Ingestion of AAs stimulates insulin secretion [34] and we observed an insulin secretagogue effect with all four study products, followed by a reduction in blood glucose levels due to insulin-mediated glucose uptake by peripheral tissues. However, the Test product was associated with a lower insulin peak (at 30 min after intake) and less pronounced reduction in blood glucose levels (at 60 min) compared to the immediate-release AA products (Reference and MP). This is consistent with reports that ingesting intact protein results in a lower insulin peak at 30 min compared to ingesting free AA mixtures [35]. Several studies have shown that carbohydrate foods with a low glycaemic index induce higher satiety and lead to less voluntary food intake at a subsequent meal, compared to foods with a higher glycaemic index [36,37,38]. The less pronounced insulin and glucose excursions observed with the Test product may help to maintain a normal satiety response. The findings from this single-dose study may be predictive of sustained health benefits if a prolonged-release product is consumed regularly. The need for constant treatment over the life of the patient underscores the importance of developing AA mixtures that provide physiological absorption. This should play an important role in improving the management of patients with metabolic disorders like PKU.

The Test product was well tolerated, with 1 out of 30 subjects experiencing an adverse event (headache) that was seen as associated with product intake. The functional additives used in the PT^TM procedure are widely used by the food industry and are generally recognized as safe [39,40]. This point is important because patients with conditions like PKU must consume these products every day of their lives.

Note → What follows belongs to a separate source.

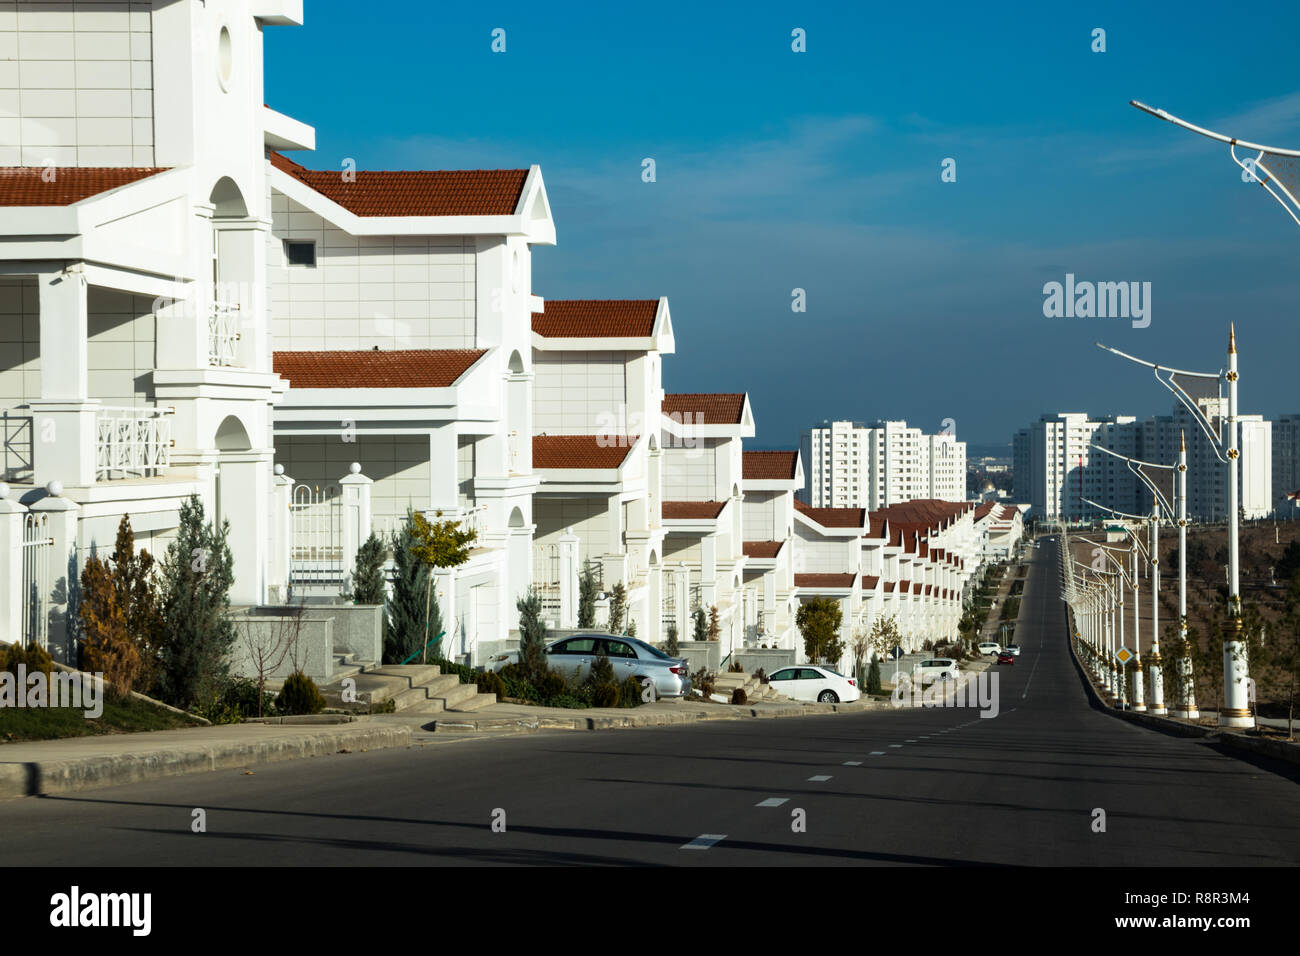 Quartier résidentiel, villa blanche avec toits rouges sur fond de ciel bleu nuageux. L'immobilier et des biens Banque D'Images
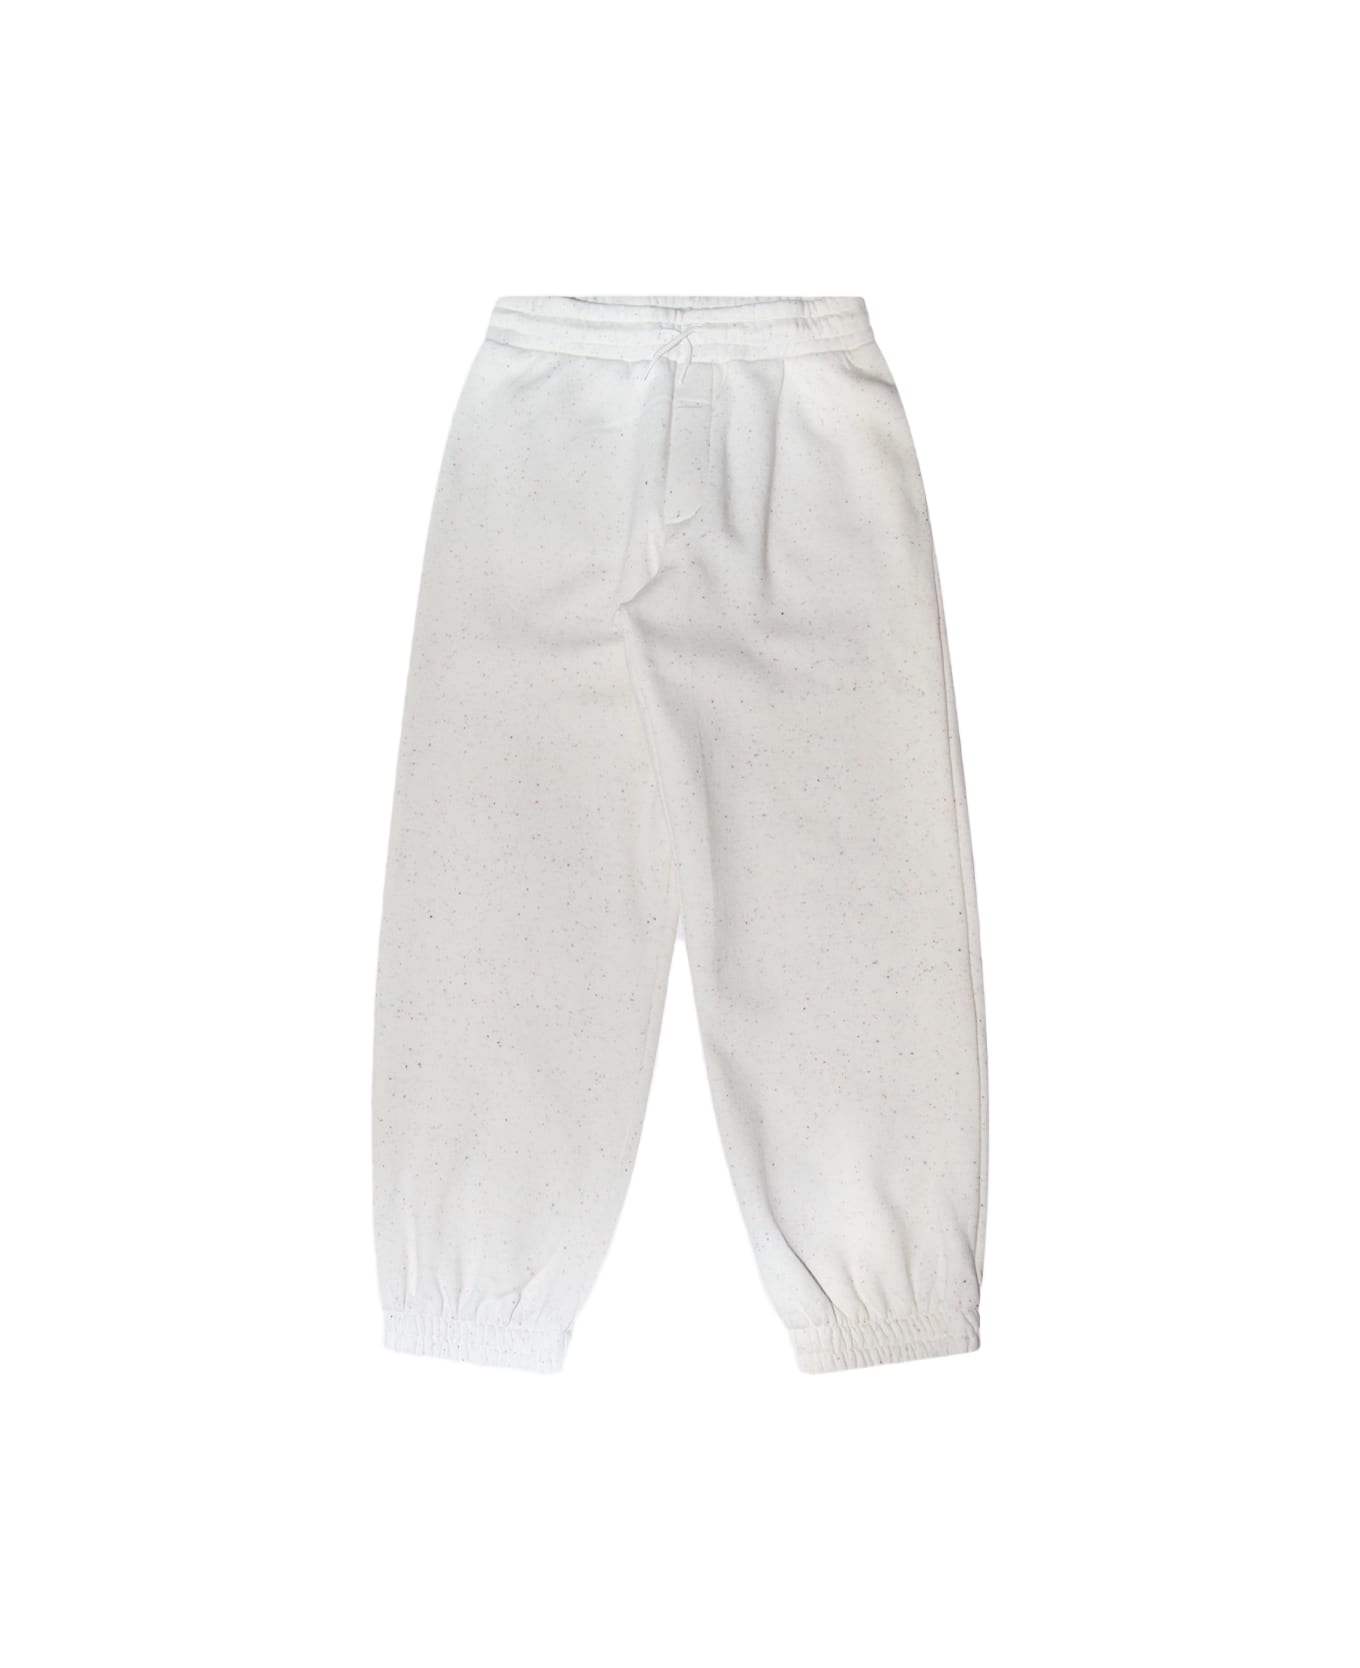 Kenzo Wicker Cotton Blend Track Pants - Wicker

This study addresses dietary management with an AA mixture appropriate for PKU; however, the findings may be generalizable to other conditions that are managed with specific AA mixtures. These might include AA mixtures lacking methionine in homocystinuria [4], leucine, isoleucine and valine in maple syrup urine disease [5], phenylalanine and tyrosine in tyrosinemia [6], lysine and tryptophan in glutaric aciduria type 1 [7], and isoleucine and valine in some organic acidurias [8].

We have conducted this proof of concept study in healthy adults. Several studies suggest that important aspects of protein metabolism in patients with PKU are similar to those in the healthy population. Van Rijn et al. [41] reported no significant differences in postprandial insulin levels, protein turnover, or protein synthesis between healthy controls and patients with PKU. Thompson et al. [42] studied whole-body protein metabolism in patients with PKU and showed that protein turnover was comparable to that of healthy controls. Therefore, we expect that our results with a prolonged absorption AA formulation would be similar in patients with PKU.

5. Conclusions

This study shows that applying PT^TM to an AA mixture prolongs the increase in plasma AAs compared to free AAs. This is associated with modulation of several metabolic markers. It will be important to understand whether this can improve the long-term management of inborn errors of AA metabolism requiring low protein diets supplemented with specific AA mixtures. This information may be useful for those who would like to evaluate the Test product in clinical practice.